Observational evidences of the Tornado in the Heavy Rainfall Event of 21 July 2012 in Beijing

In the catastrophic heavy rainfall event of Beijing on 21 July 2012, severe wind damage occurred at 14 local standard time (LST) in Zhangjiawan town of Beijing and killed 2 people. This work is to find out what kind of weather system caused the severe wind damage through damage surveys.

Strong winds are usually caused by downbursts and/or tornadoes. Which of these two systems caused the Zhangjiawan wind damage was a really difficult question to answer. Tornadoes have never been recorded in the meteorological history in Beijing, while vision evidences, however, showed conflict results: Some local people said they saw a funnel cloud while some said they did not. There are no weather stations in that area. Though we are in a world of tons of camera phones, no one took a single picture of the cloud system. In this situation, the only way to prove whether it was a tornado or not is damage survey.

We performed twice on-site damage surveys on Aug.3 and Aug. 24, talked to 20 local residences, farmers, factory workers, and village committee members, checked almost all pictures and videos available on the internet to try to locate the damage swath and the falling directions of the trees and electricity poles in order to rebuild the surface wind when the strong wind occurred. Through careful examination, we found two tale-telling signatures of a tornado: a narrow wind damage swath (10-km long 100-500-m wide) and surface convergent winds at several locations in the developing, mature and dissipating stages of the wind system. These two signatures demonstrate that the wind damage was caused by a tornado with a scale of F-1 according to Fujita scale classification. This is the first detailed tornado damage survey in China.

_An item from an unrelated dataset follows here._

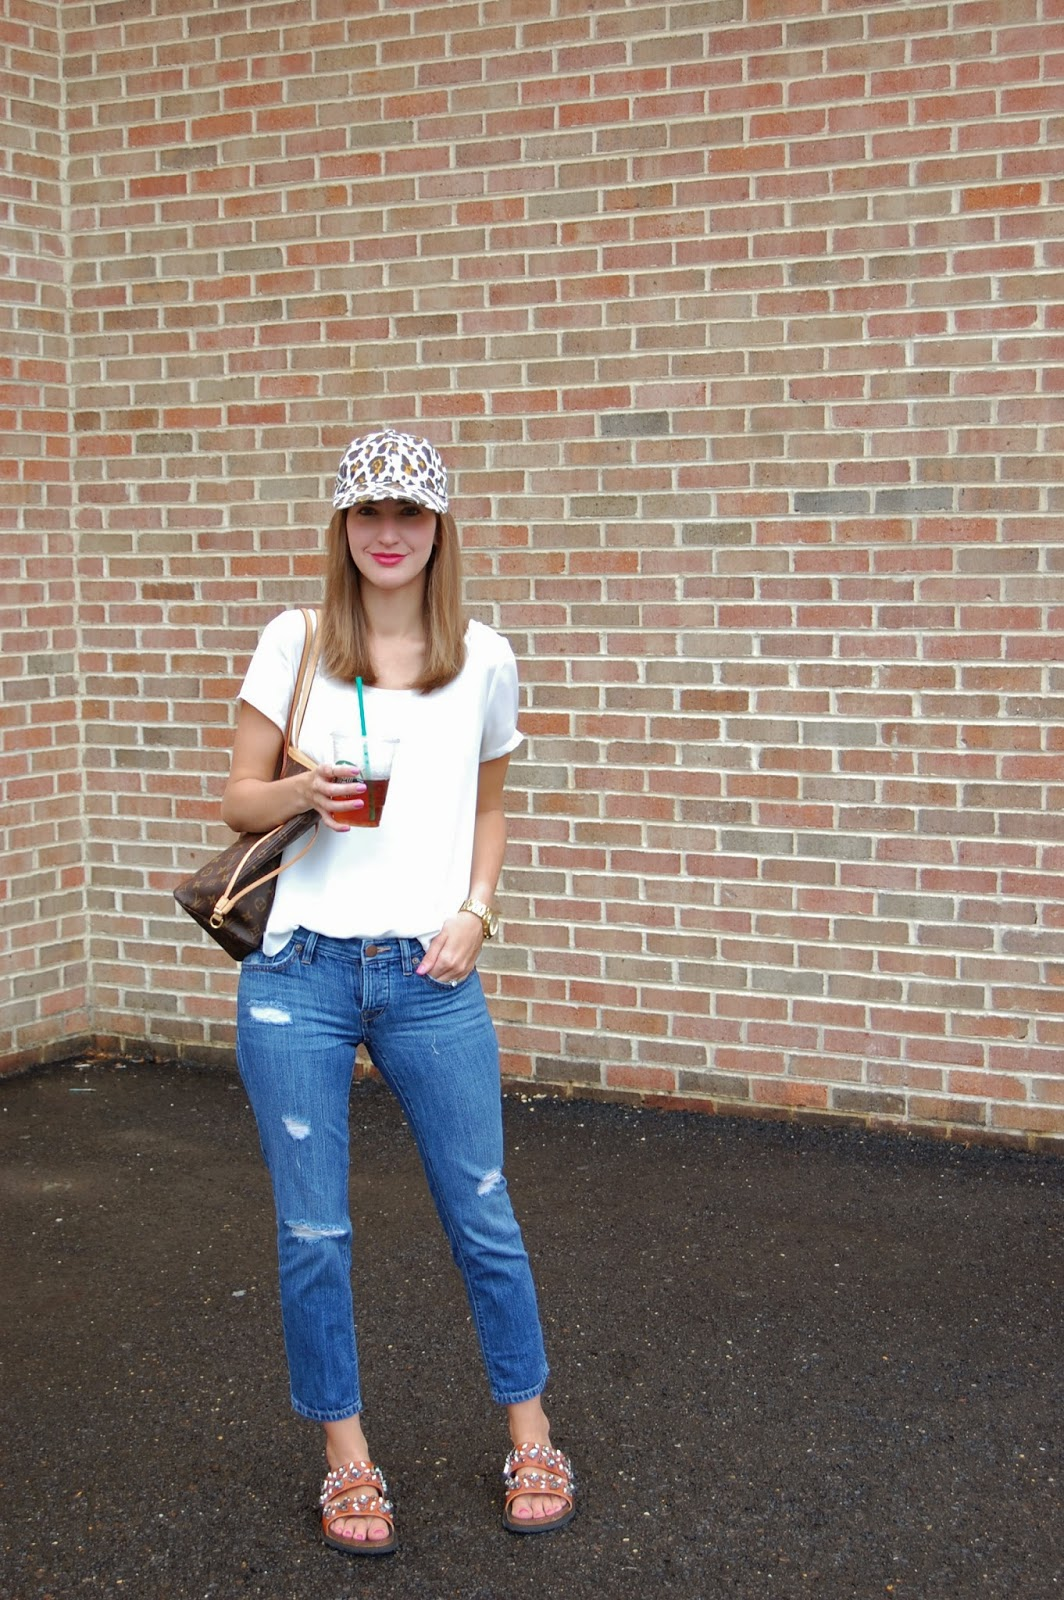 Wearing Jcrew leopard print canvas hat, Nordstrom Lilly side slit tee, Loft boyfriend jeans, Zara leather bio with jewels sandals, Louis Vuitton Neverfull mm, casual weekend look 2014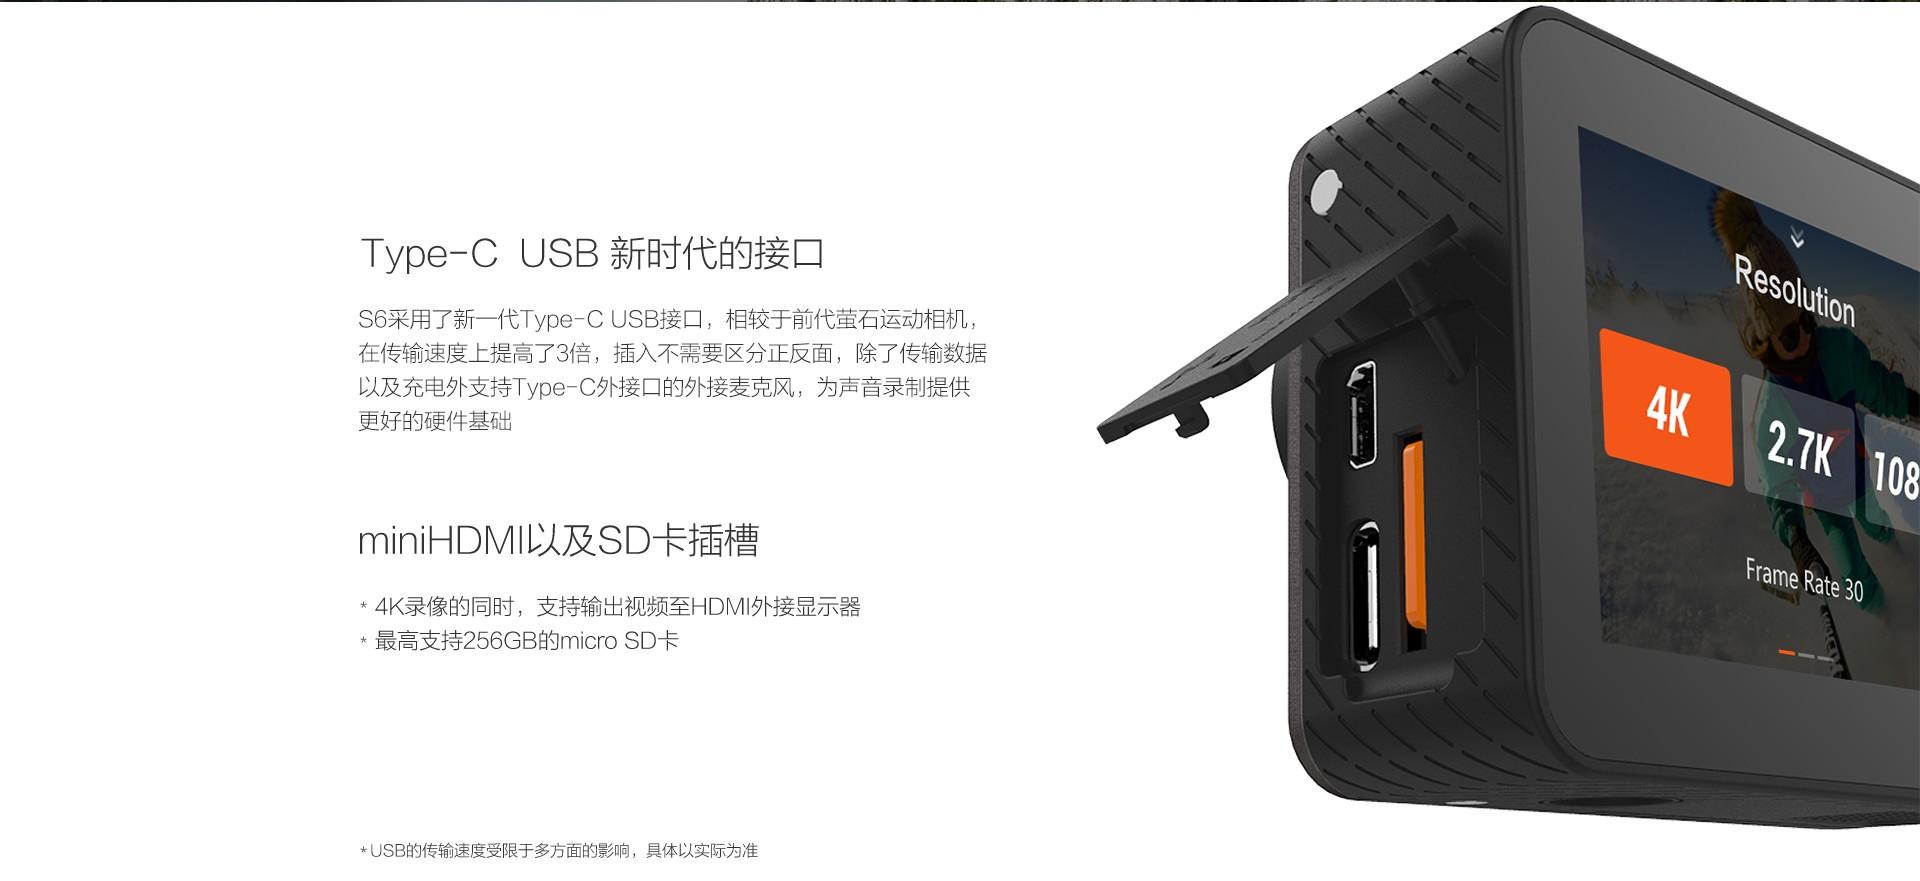 S6运动相机_web1_02.jpg

The environment of the tornado was then examined based on the NCEP analyses, rawinsonde, and radar observations. Result shows that this tornado was produced near the mesocyclone of a supercell that formed on the southern tip of a northwest-southeast oriented linear convective line in front of a mid-latitude trough. An S-band radar 30-km away from the supercell clearly showed a typical morphology of supercell including hook-echo, a strong mesocyclone, and a bounded weak echo region. Radiosondes show that the environment was very favorable for the development of a supercell at 14 LST with the convective available potential energy of 2089 J/kg, the convective inhibition of 3.9 J/kg, the 0-3 km and 0-6 km vertical wind shear of 19 and 24 m/s. The key factors in the development of the supercell will be presented in another presentation of this conference by Dan Yao based on numerical simulations with CM1.